Figure 1. A car body is realized in Spacedesign using 3D devices and VR/AR visualization

Conversely the combination of virtual and augmented

reality technology allows intuitive sketching and modelling directly in 3D, integrating the creative and evaluation stages of the design process and minimizing the number of iterations [6]. 3D input and output devices together with form-descriptive gestures (to draw and manipulate models three dimensionally), have the potential to be more effective than the conventional methods because they give a superior perception and investigation of 3D shapes and models (figure 1) [7], [9].

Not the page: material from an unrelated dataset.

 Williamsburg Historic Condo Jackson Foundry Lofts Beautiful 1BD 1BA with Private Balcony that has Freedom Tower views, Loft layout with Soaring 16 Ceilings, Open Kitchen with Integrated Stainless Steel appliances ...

This on-going research effort leads to the development of an innovative application for aesthetic styling: a VR/AR software tool called Spacedesign. Designers can materialize ideas in a configurable semi-immersive workbench-like workspace, using 3D input devices, and then keep the same settings, tools and environment for the design review, when a physical prototype is realized and augmented in real time for correction and changes. Both configurations -VR and AR- allow different skilled experts (Stylists, Designers, Engineers, Marketing dept.) to share a common model, whilst using personalized tools. Therefore Spacedesign provides a consistent mathematical representation of the digital model during the design workflow, from concept to mock-up review. Moreover CAD file standards are supported, for seamless integration with downstream applications (FEM, FEA) and manufacturing.

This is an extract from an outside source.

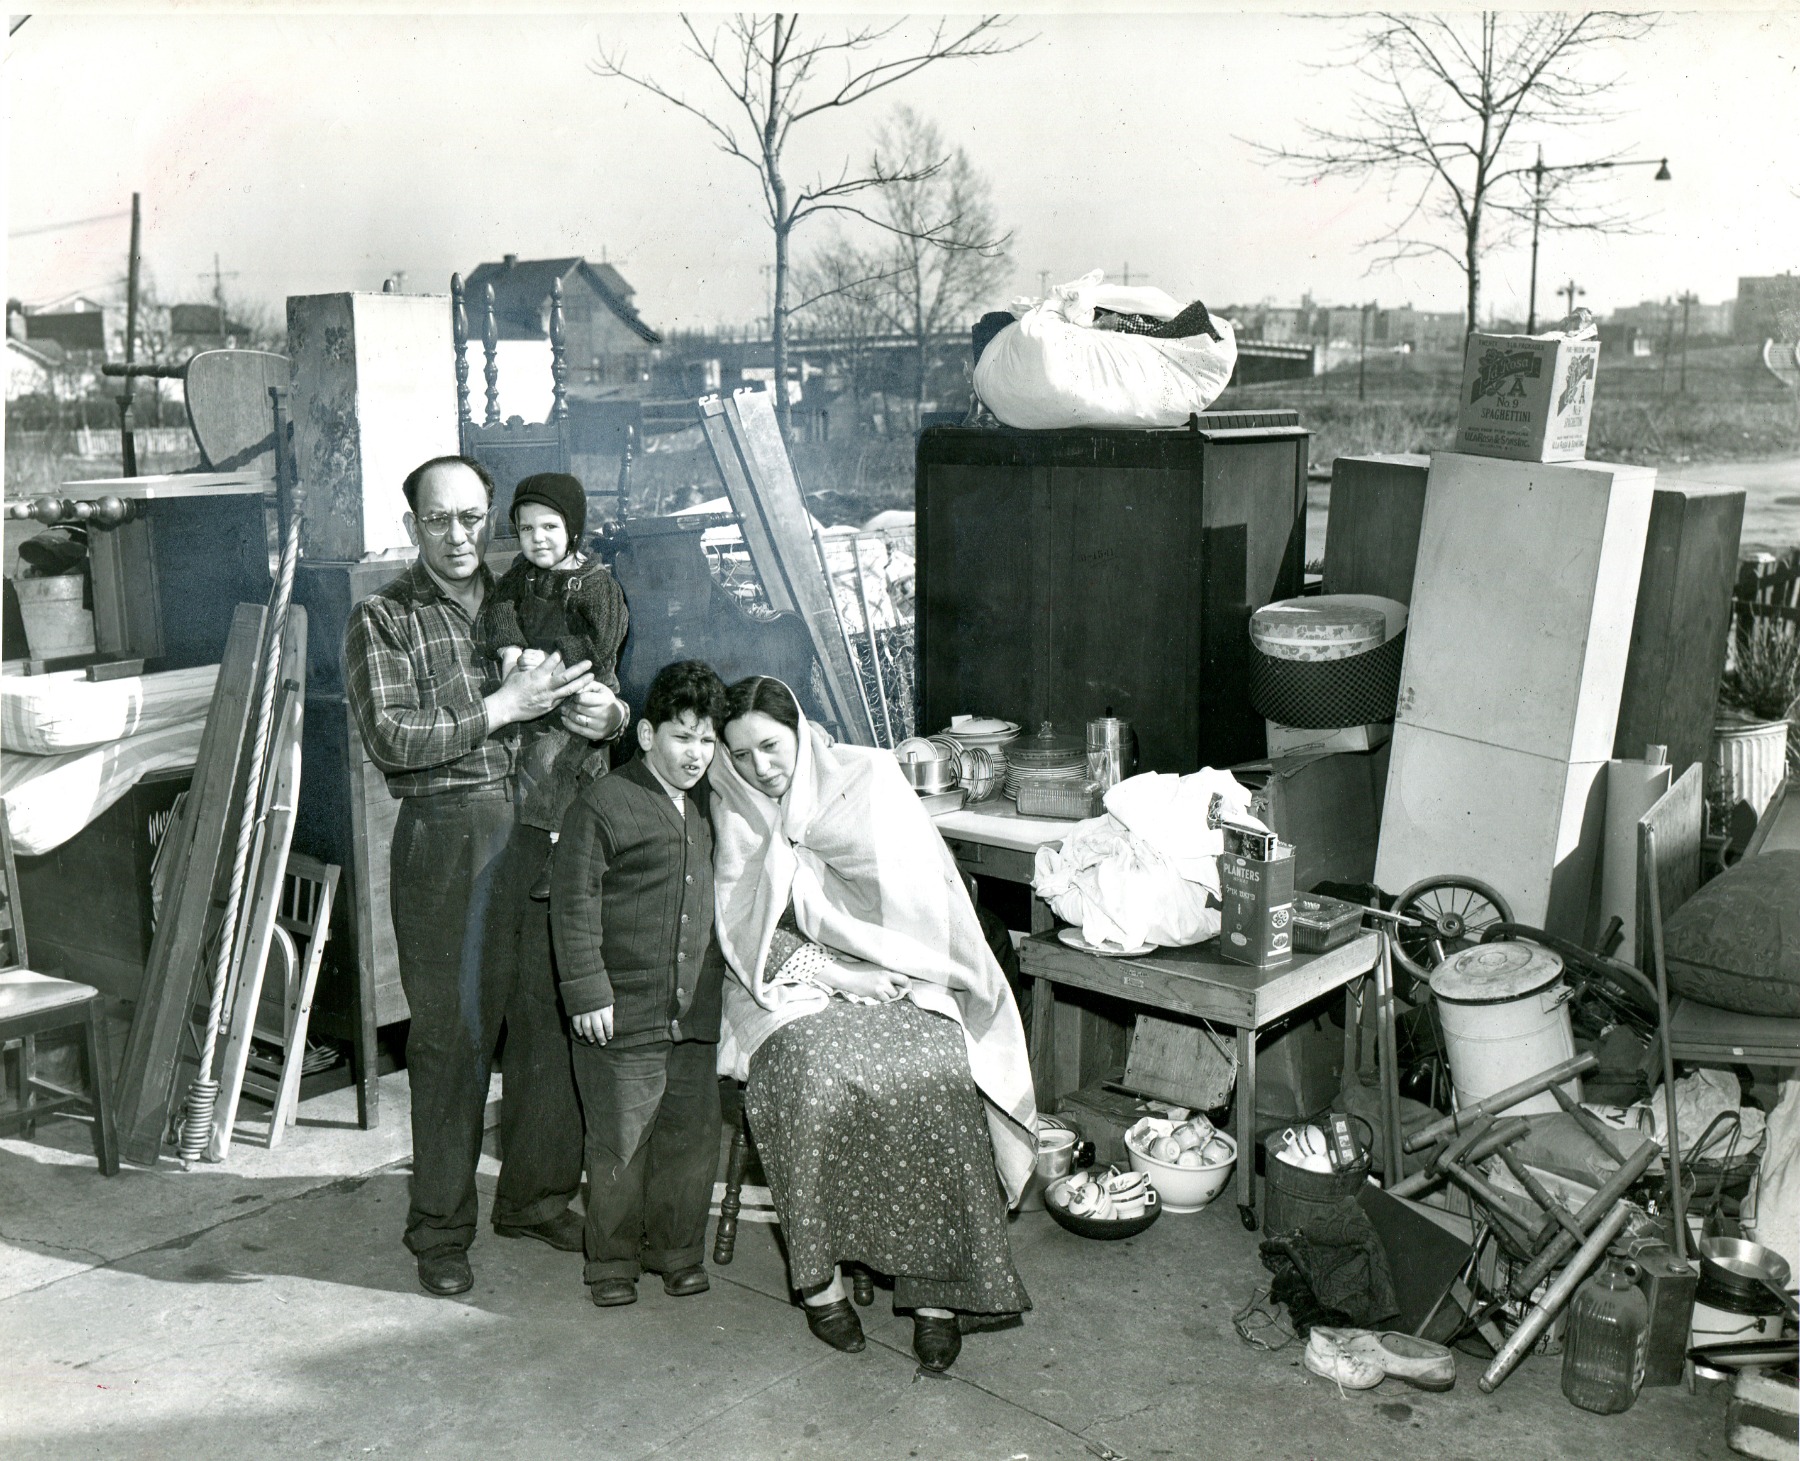 ON THE STREET...Irving Haberman's shot of an evicted family

In the following, we discuss related work in section 2, an overview of the setup in section 3, software implementation in section 4 and details on the surfacing functions in section 5. Case studies are presented in section 6 and section 7 concludes the paper.

2. Related Work

One of the first systems that used 3D interfaces for free form modelling was 3Draw, developed by Sachs et al. [17]. In 3Draw a palette and a pen are connected to 6 degree-of-freedom (6DOF) tracking devices, and a normal monoscopic monitor is used for visualization. The orientation of the tablet forms a reference frame and the pen is the sketching tool for drawing curves directly in space. However, 3Draw cannot generate surfaces from the given curves.

Usoh et al. [23] experimented the Head Mounted Display for modelling surfaces in an immersive environment. In their collaborative modeller, hand gestures can directly deform surfaces according a physically simulated elastic behaviour. The drawback of this approach is the complexity of the calculations, which do not allow real-time interaction. Hummels et al. [13] examined the activities of automotive designers and suggested a two-handed gesture recognition interface in the Fishtank, a desktop on which the image of a stereo display is projected through a mirror. No implementation details and results are provided.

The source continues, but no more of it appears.